In those days painters and goldsmiths worked a great deal together, and Sandro often saw designs for pictures and listened to the talk of the artists who came to his master's shop. Gradually, as he looked and listened, his mind was made up. He would become a painter. All his restless longings and day dreams turned to this. All the music that floated in the air as he listened to the birds' song, the gentle dancing motion of the wind among the trees, all the colours of the flowers, and the graceful twinings of the rose-stems--all these he would catch and weave into his pictures. Yes, he would learn to painst music and motion, and then he would be happy.

`So now thou wilt become a painter,' said his father, with a hopeless sigh.

Truly this boy was more trouble than all the rest put together. Here he had just settled down to learn how to become a good goldsmith, and now he wished to try his hand at something else. Well, it was no use saying `no.' The boy could never be made to do anything but what he wished. There was the Carmelite monk Fra Filippo Lippi, of whom all, men were talking. It was said he was the greatest painter in Florence. The boy should have the best teaching it was possible to give him, and perhaps this time he would stick to his work.
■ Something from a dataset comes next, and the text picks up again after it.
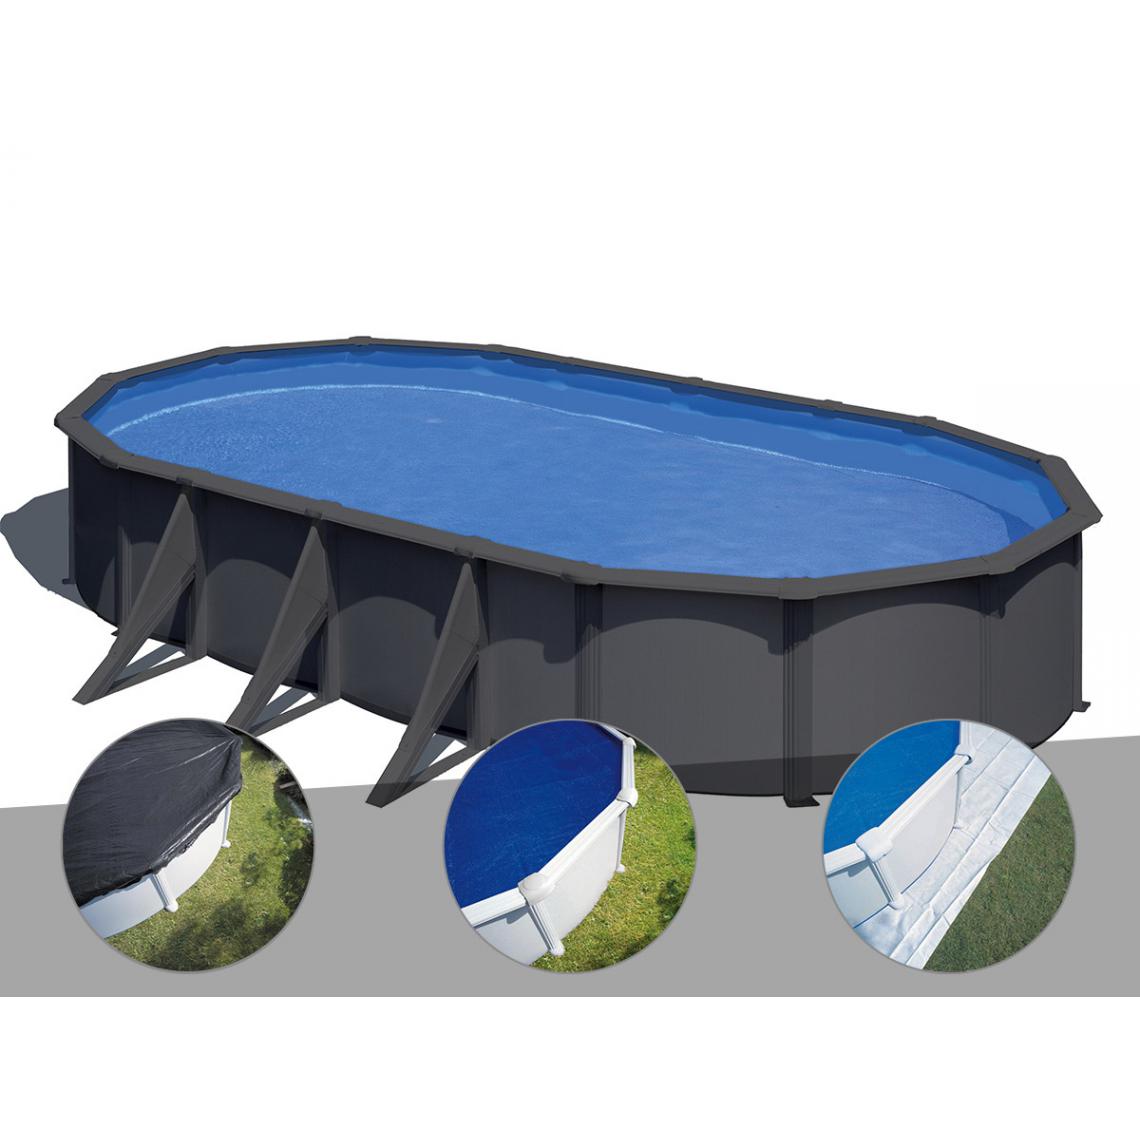 Gre - Kit piscine acier gris anthracite Gré Louko ovale 7,44 x 3,99 x 1,22 m + Bâche d'hivernage + Bâche à bulles + Tapis de sol - Piscines acier et résine

So Sandro was sent as a pupil to Fra Filippo, and he soon became a great favourite with the happy, sunny-tempered master. The quick eye of the painter soon saw that this was no ordinary pupil. There was something about Sandro's drawing that was different to anything that Filippo had ever seen before. His figures seemed to move, and one almost heard the wind rustling in their flowing drapery. Instead of walking, they seemed to be dancing lightly along with a swaying motion as if to the rhythm of music. The very rose-leaves the boy loved to paint, seemed to flutter down to the sound of a fairy song. Filippo was proud of his pupil.

`The world will one day hear more of my Sandro Botticelli,' he said; and, young though the boy was, he often took him to different places to help him in his work.

So it happened that, in that wonderful spring of Filippo's life, Sandro too was at Prato, and worked there with Fra Diamante. And in after years when the master's little daughter was born, she was named Alessandra, after the favourite pupil, to whom was also left the training of little Filippino.

Now, indeed, Sandros good old father had no further cause to complain. The boy had found the work he was most fitted for, and his name soon became famous in Florence.

It was the reign of gaiety and pleasure in the city of Florence at that time. Lorenzo the Magnificent, the son of Cosimo de Medici, was ruler now, and his court was the centre of all that was most splendid and beautiful. Rich dresses, dainty food, music, gay revels, everything that could give pleasure, whether good or bad, was there.

Lorenzo, like his father, was always glad to discover a new painter, and Botticelli soon became a great favourite at court.

But pictures of saints and angels were somewhat out of fashion at that time, for people did not care to be reminded of anything but earthly pleasures. So Botticelli chose his subjects to please the court, and for a while ceased to paint his sad-eyed Madonnas.

What mattered to him what his subject was? Let him but paint his dancing figures, tripping along in their light flowing garments, keeping time to the music of his thoughts, and the subject might be one of the old Greek tales or any other story that served his purpose.

All the gay court dresses, the rich quaint robes of the fair ladies, helped to train the young painter's fancy for flowing draperies and wonderful veils of filmy transparent gauze.